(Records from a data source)
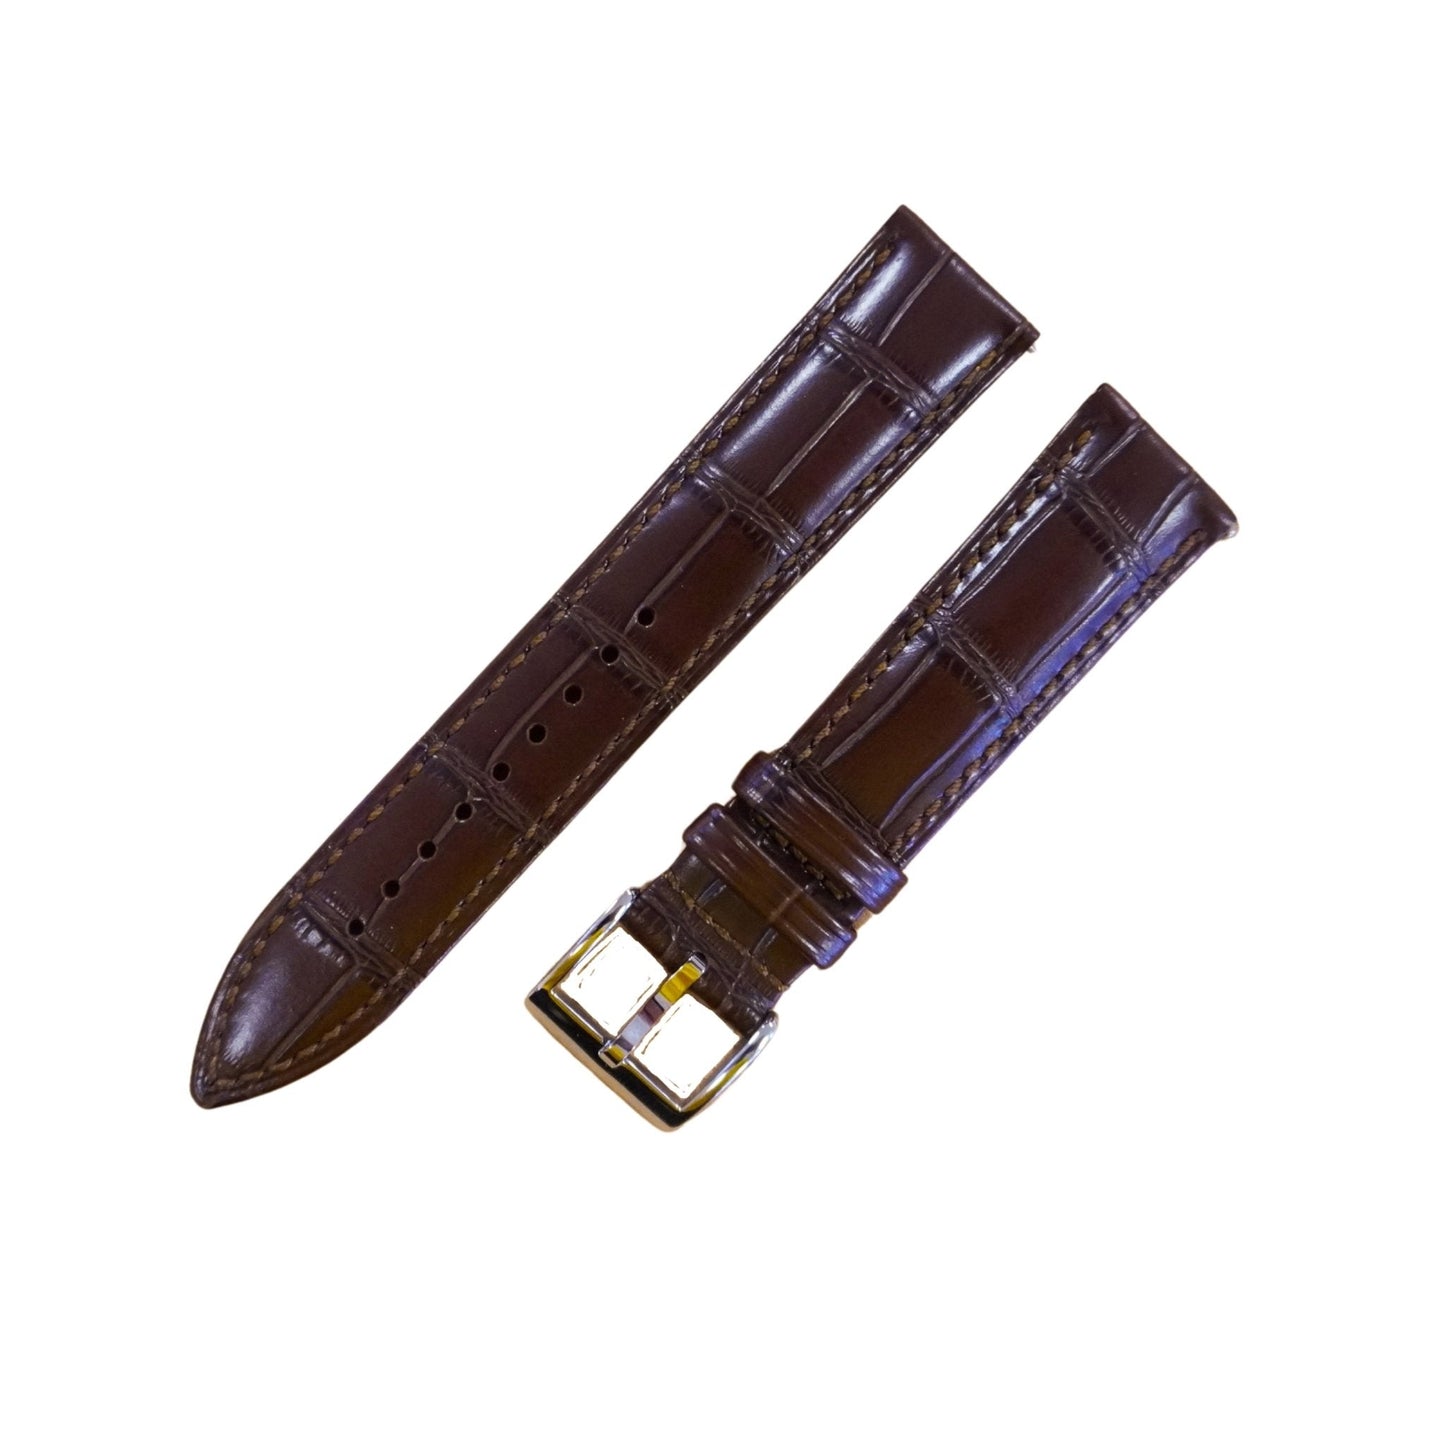 Bracelet montre cuir croco - MONTRE A PAPY - Montre automatique seiko mod 18mmBrown
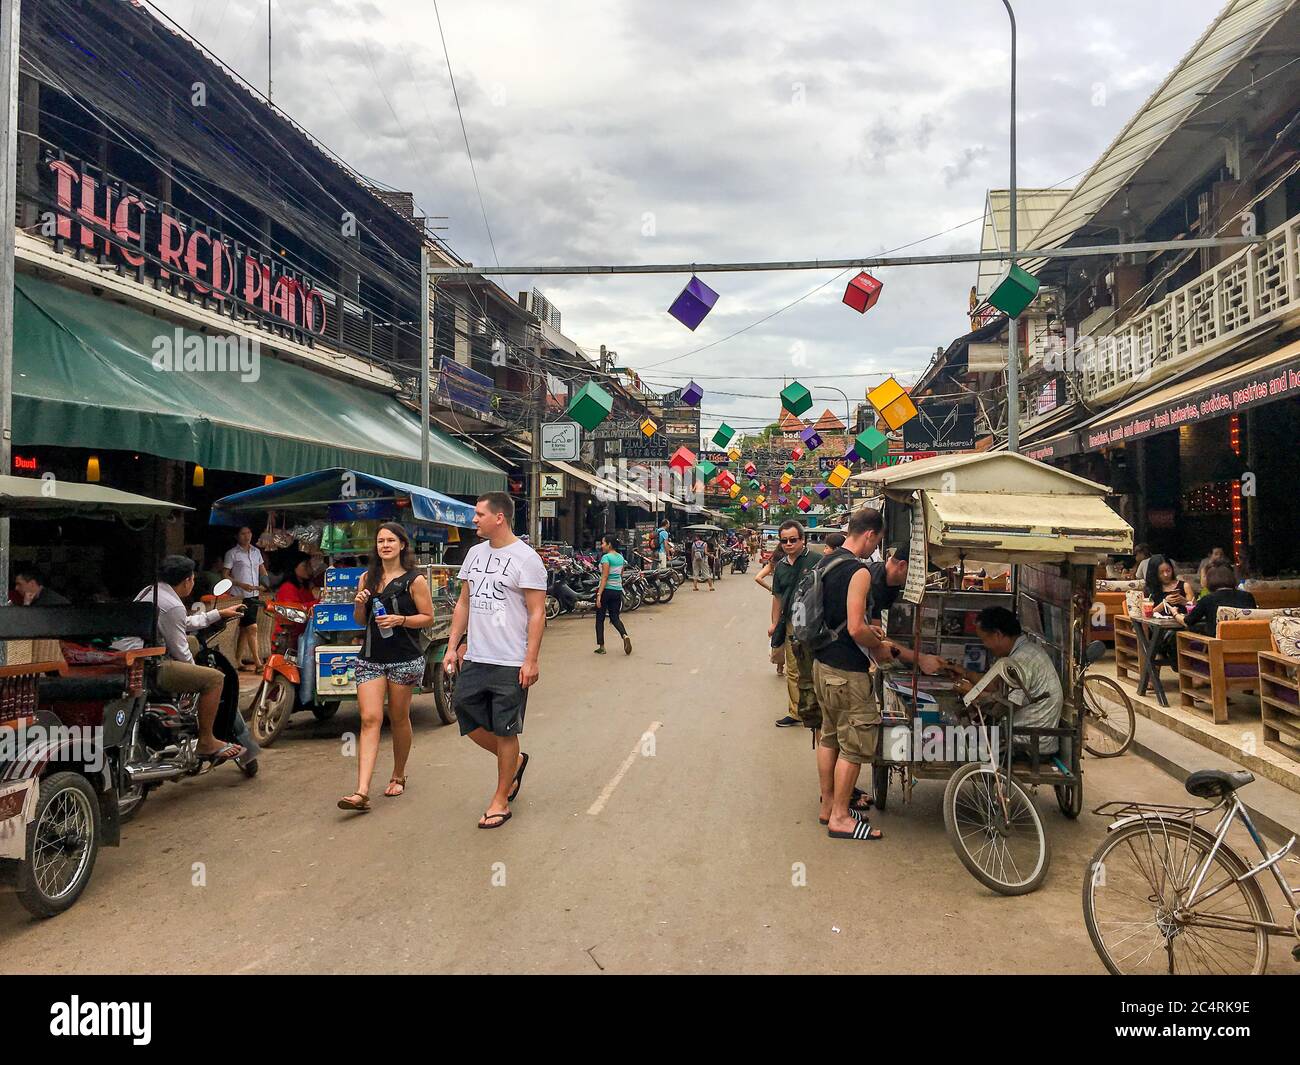 Kambodscha, Siem Reap, Januar 2017 : Gegend der Kneipensraße in der Provinz Siem Reap in Kambodscha. Viele Touristen kommen für die Reise Sightseeing. Kneipstraße mit r Stockfoto
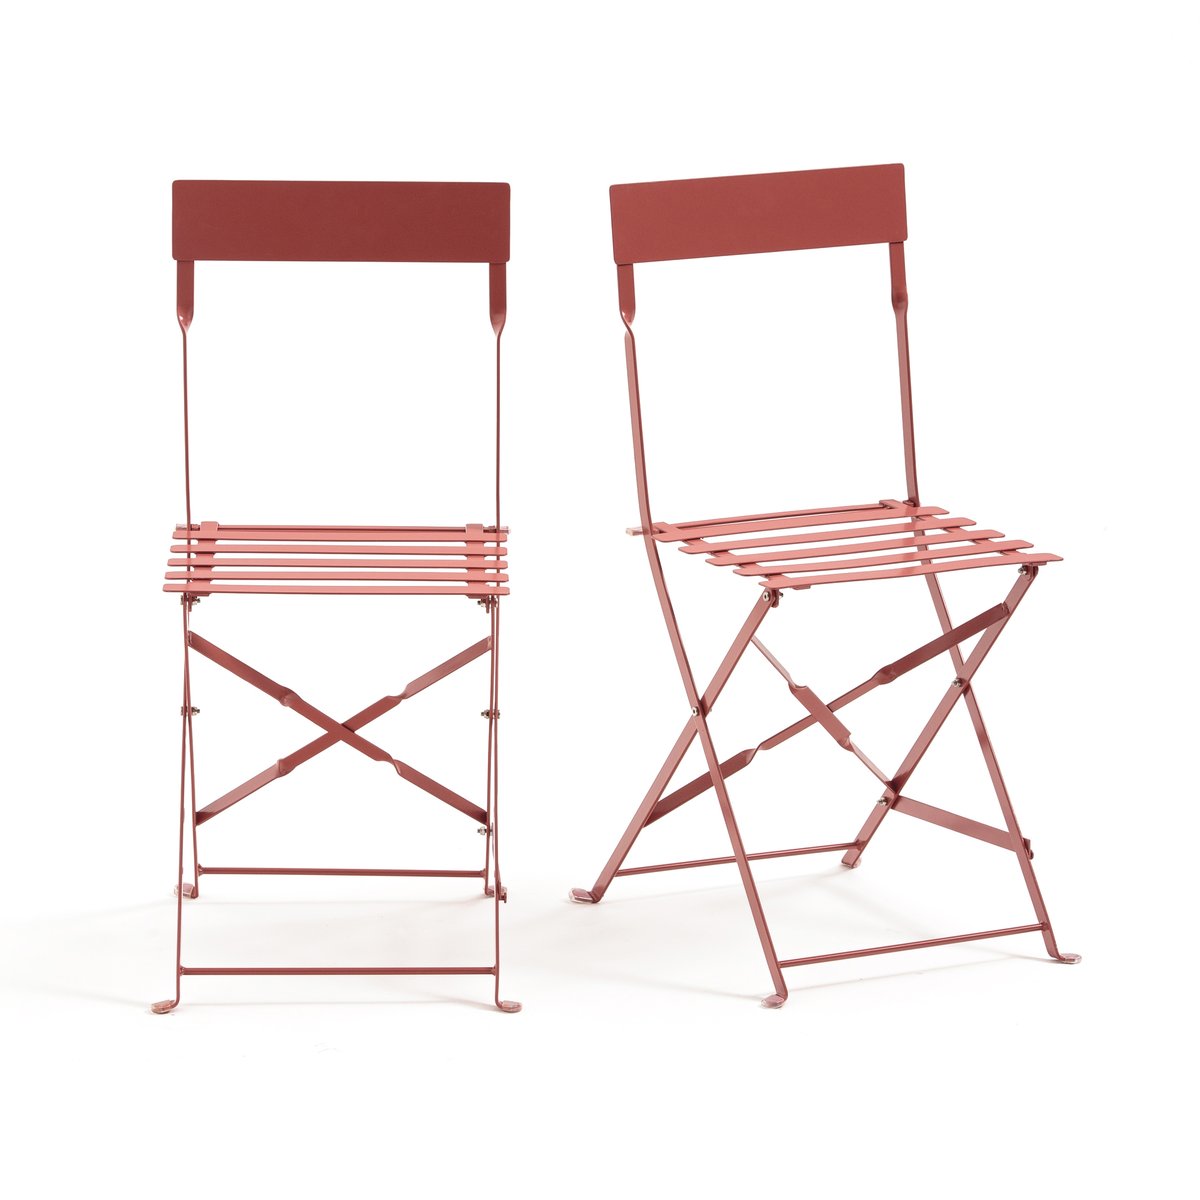 Комплект из 2 складных стульев LaRedoute
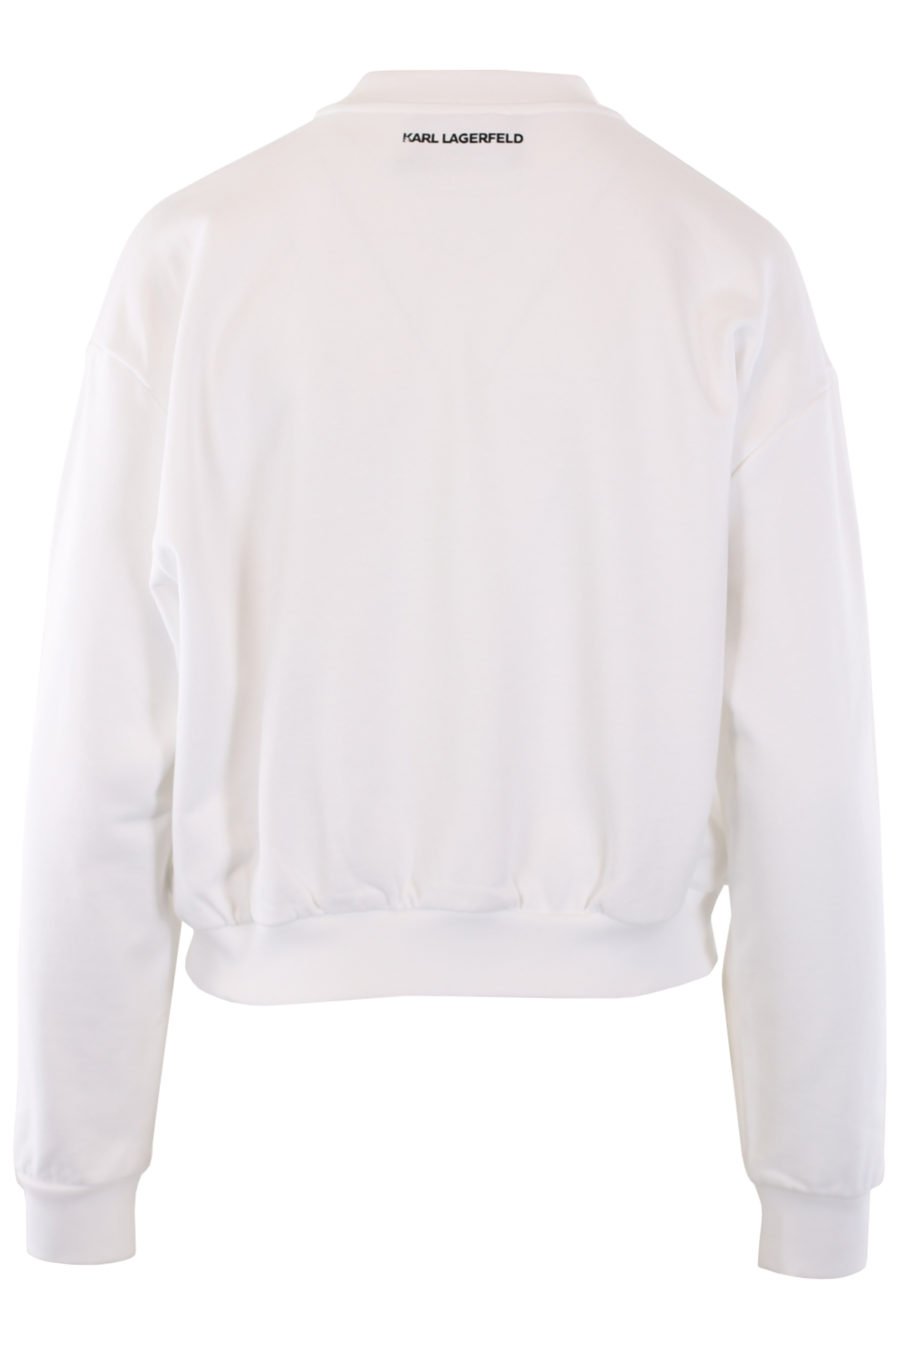 Weißes Sweatshirt mit gesticktem blauem Logo - IMG 0834
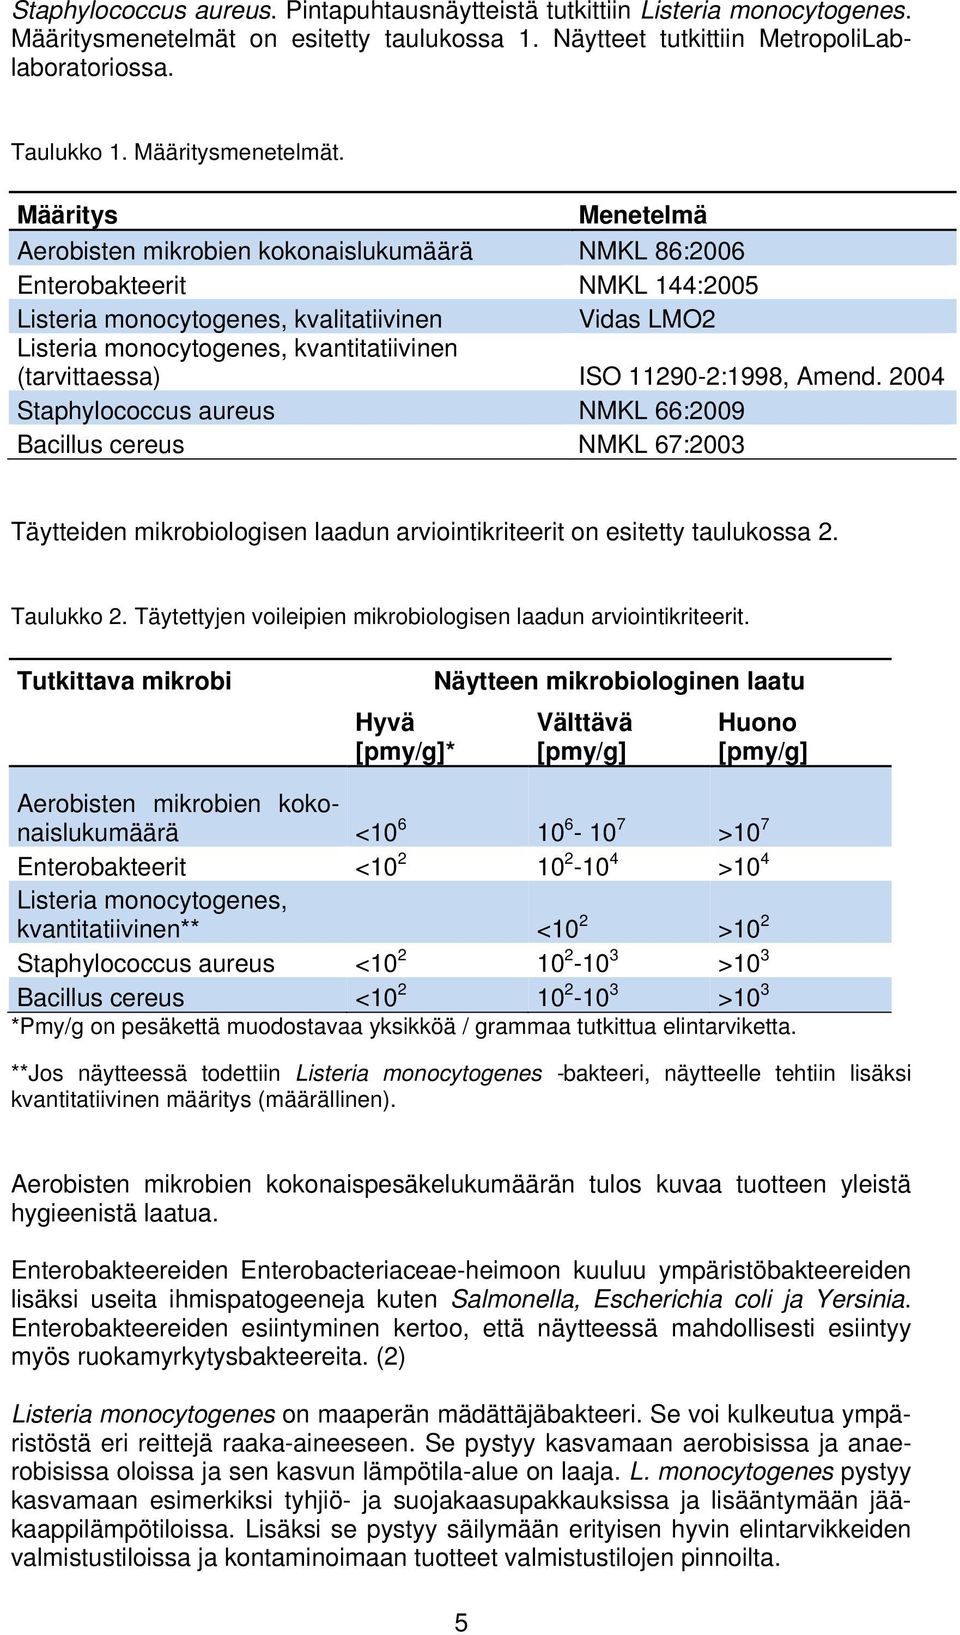 Määritys Menetelmä Aerobisten mikrobien kokonaislukumäärä NMKL 86:2006 Enterobakteerit NMKL 144:2005 Listeria monocytogenes, kvalitatiivinen Vidas LMO2 Listeria monocytogenes, kvantitatiivinen

▶ **Exercise brief**:
Your answer must consist solely of the lines from the one containing "Weißes Sweatshirt mit" through the last line of the records above, copied exactly, with every picture left out.

▶ **Written solution**:
 Weißes Sweatshirt mit gesticktem blauem Logo - IMG 0834
 Määritys Menetelmä Aerobisten mikrobien kokonaislukumäärä NMKL 86:2006 Enterobakteerit NMKL 144:2005 Listeria monocytogenes, kvalitatiivinen Vidas LMO2 Listeria monocytogenes, kvantitatiivinen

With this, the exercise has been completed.